Furthermore, the researchers articulated that this form of genetically engineered mosquito can be improved and can be utilized in changing the malaria-transmitting mosquito to a Plasmodium-resistant one. The fitness of genetically engineered malaria-resistant mosquitoes is one of the foreseen problems about this strategy, because competing with the original non-modified wild kind of mosquitoes would be necessary. Moreover, in this investigation, the researchers illustrated that the genetically engineered mosquito strain and the non-modified ones have quite similar length of life and eggs produced. This can further mean that remarkable impairment was not present in the fitness of the mosquitoes.

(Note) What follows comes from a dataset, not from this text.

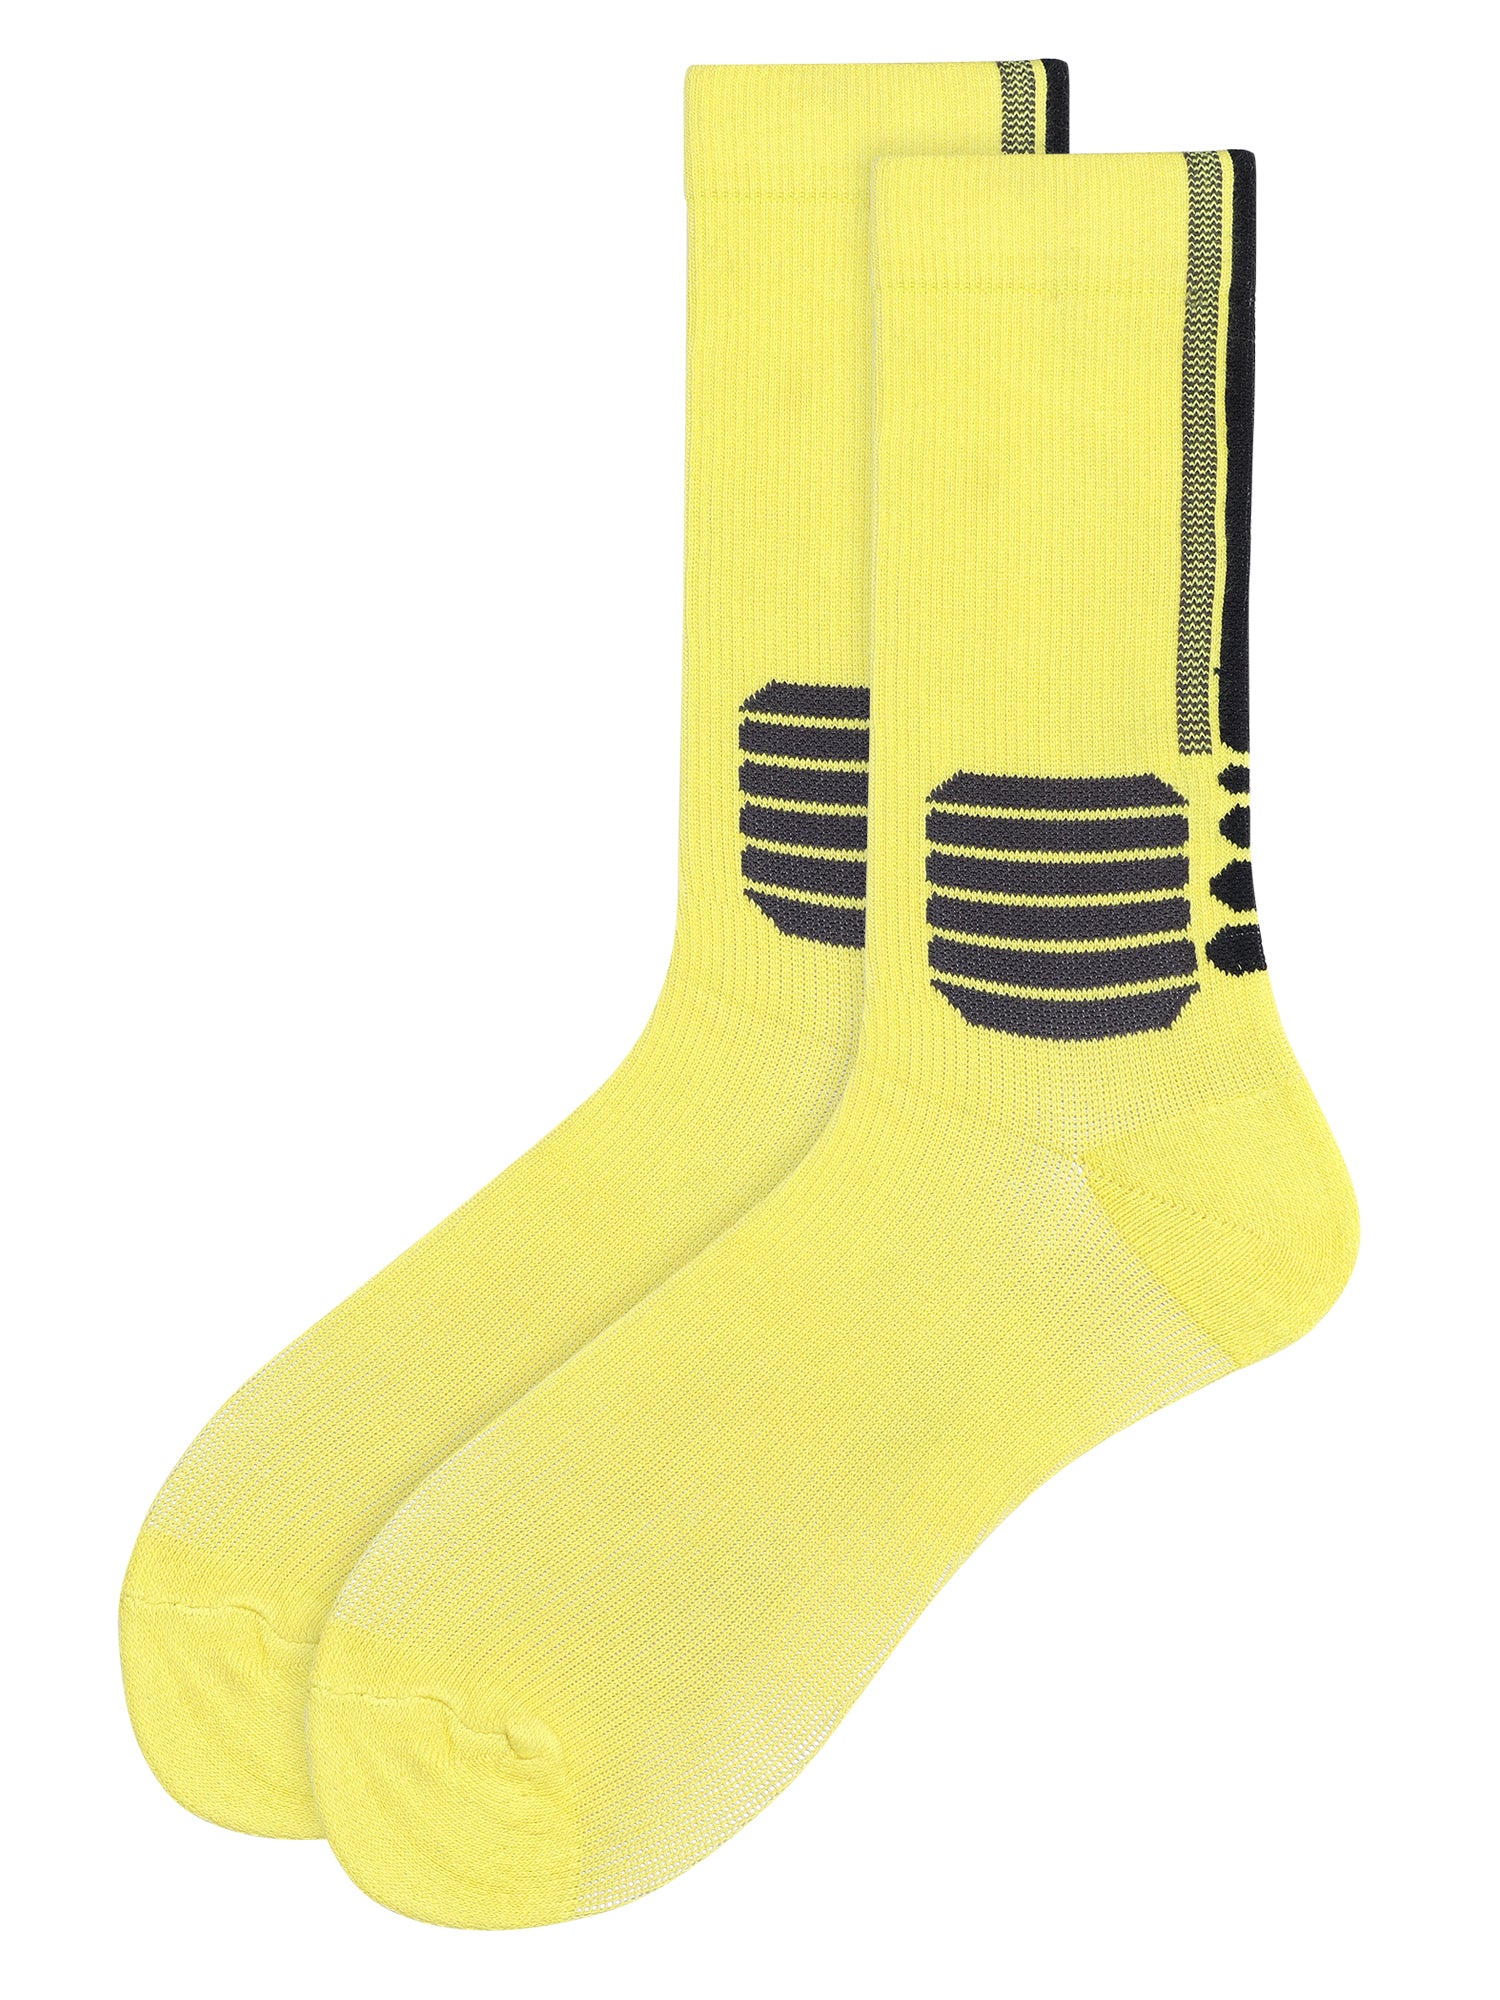 Compression Therapy | Stand Out Box Of 4 Pairs | Travel Socks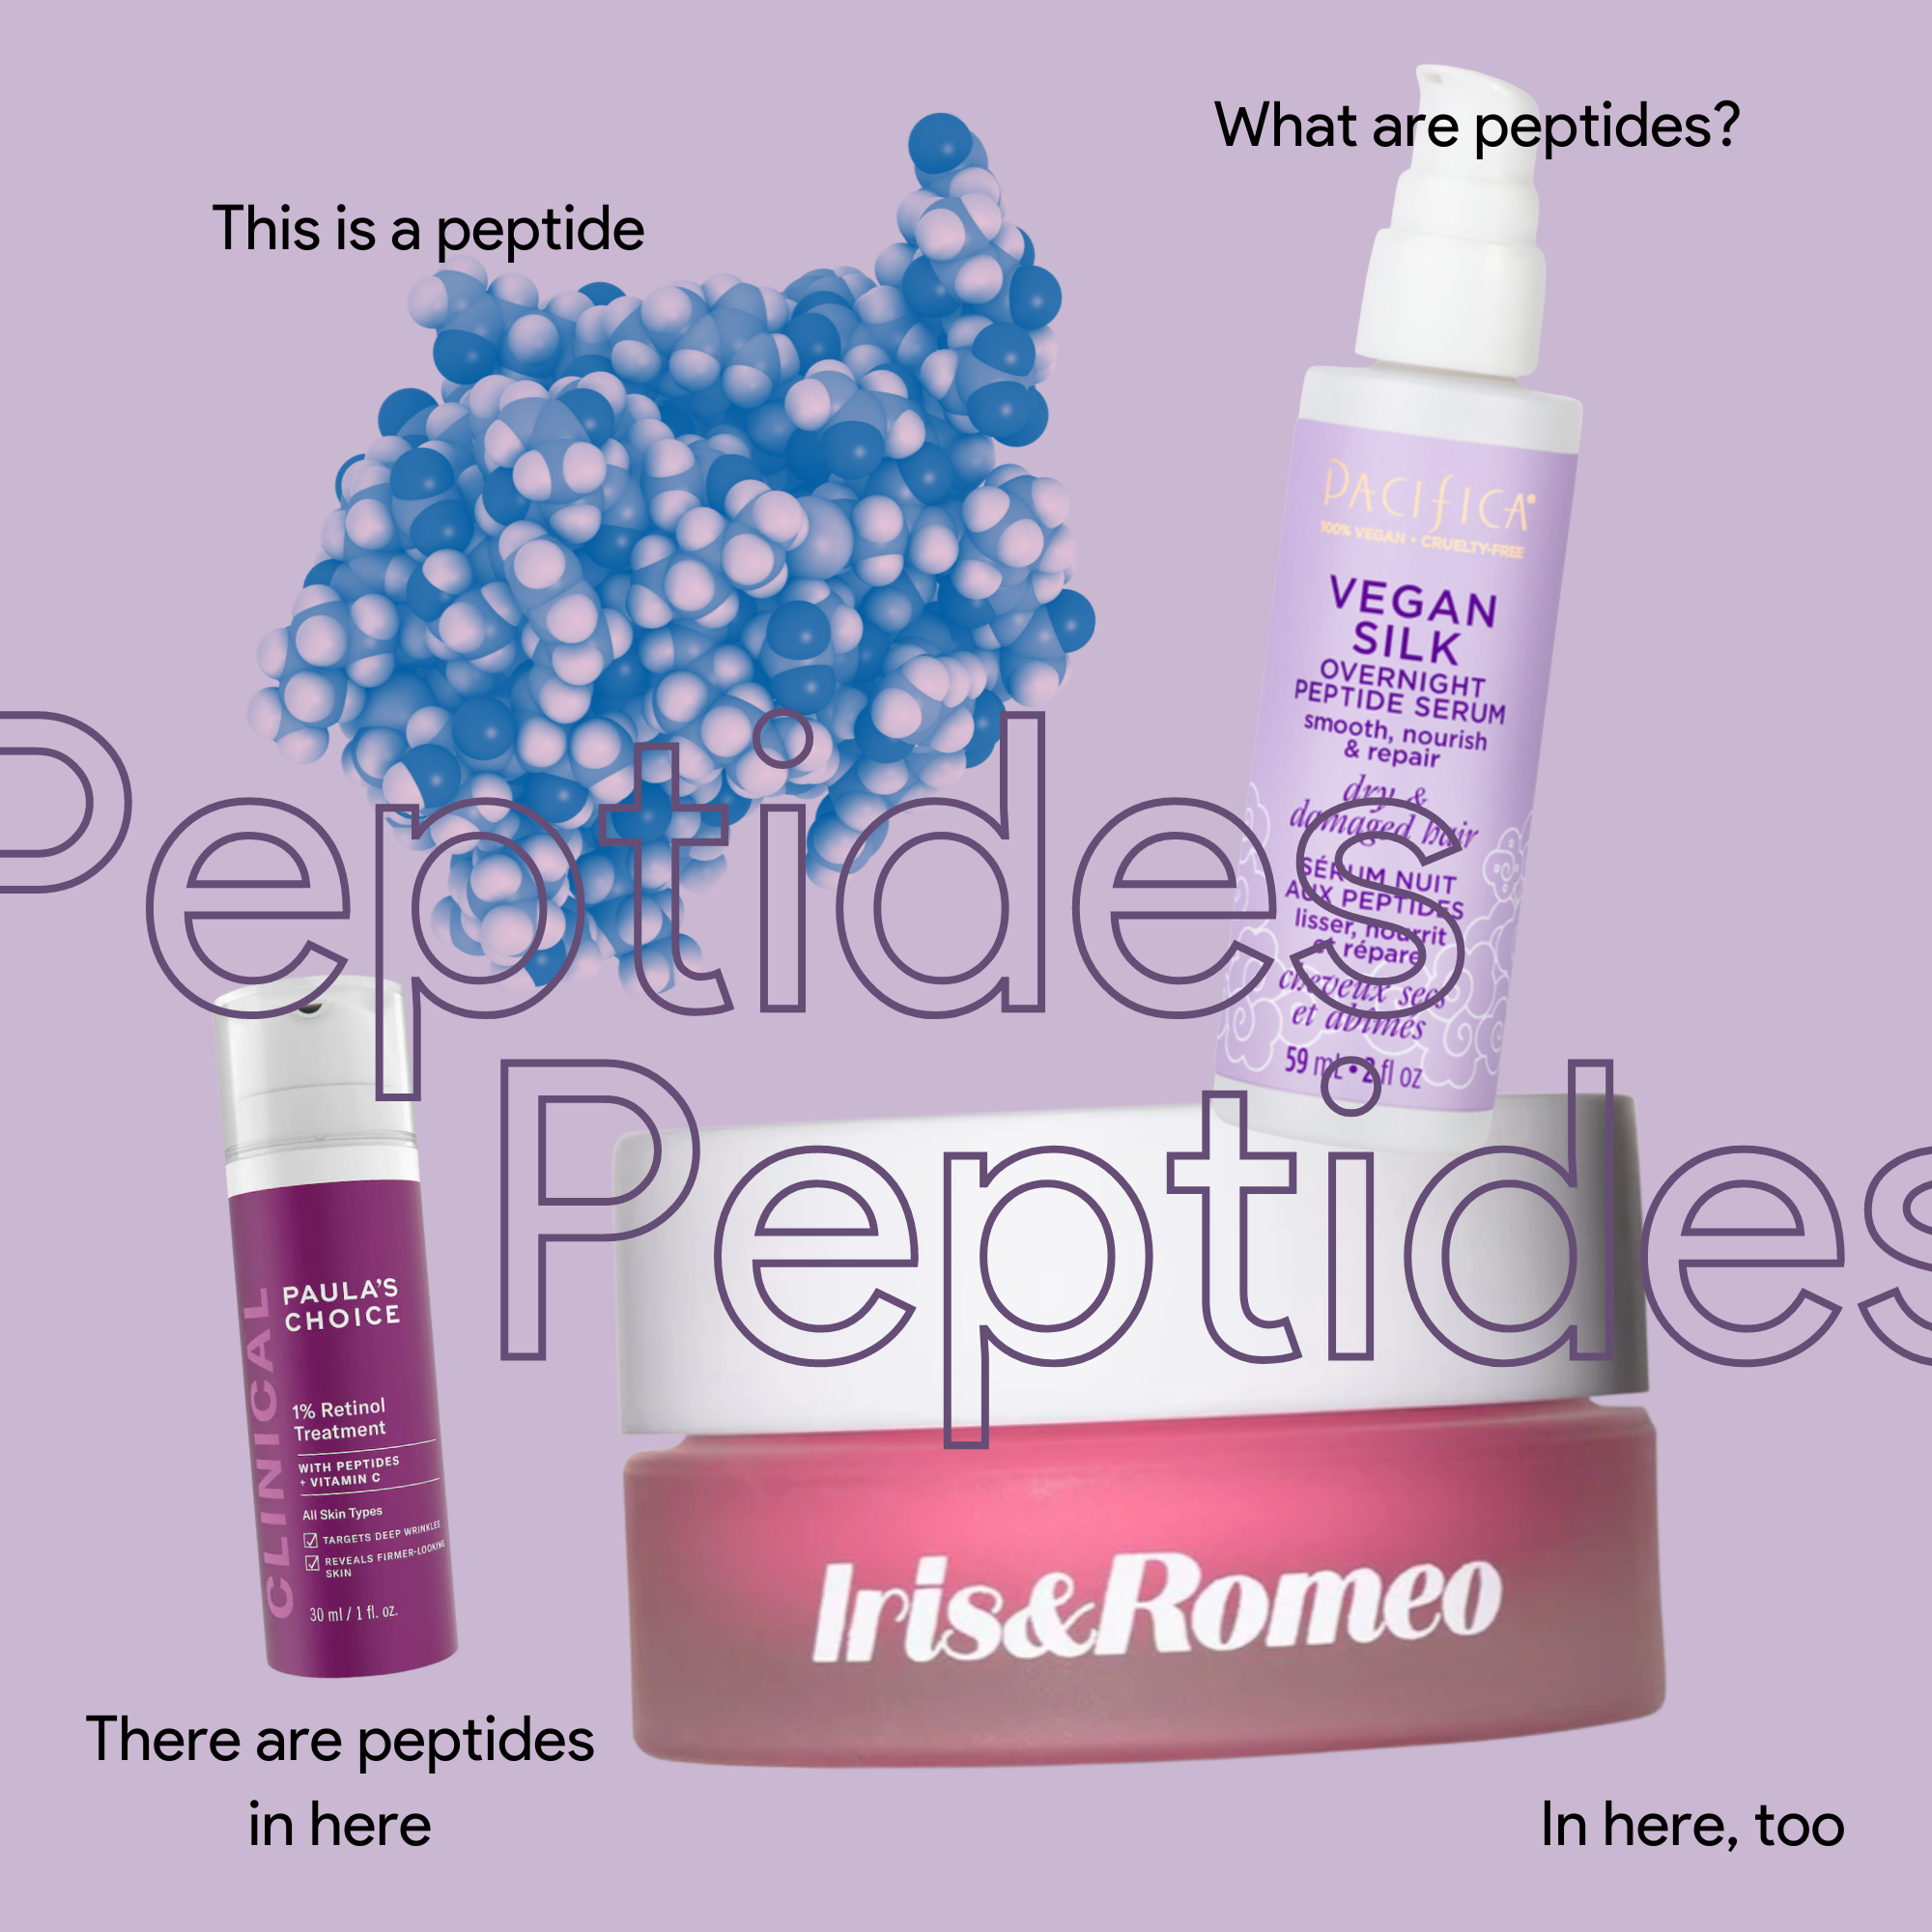 What are these peptides doing in my skincare?

Dimopoulos elaborated that malaria is among the most compelling public health concerns across the globe. More resistance to insecticides and medications is noted on mosquitoes and malaria parasites nowadays. There is a sense of urgency to develop new effective control measures.  He further added that this study may already provide a great promise, with the discovery of genetically modified mosquito strains that can contribute in minimizing transmission of malaria. However, additional researches are still imperative in order to ensure the safety and effectiveness of this strategy.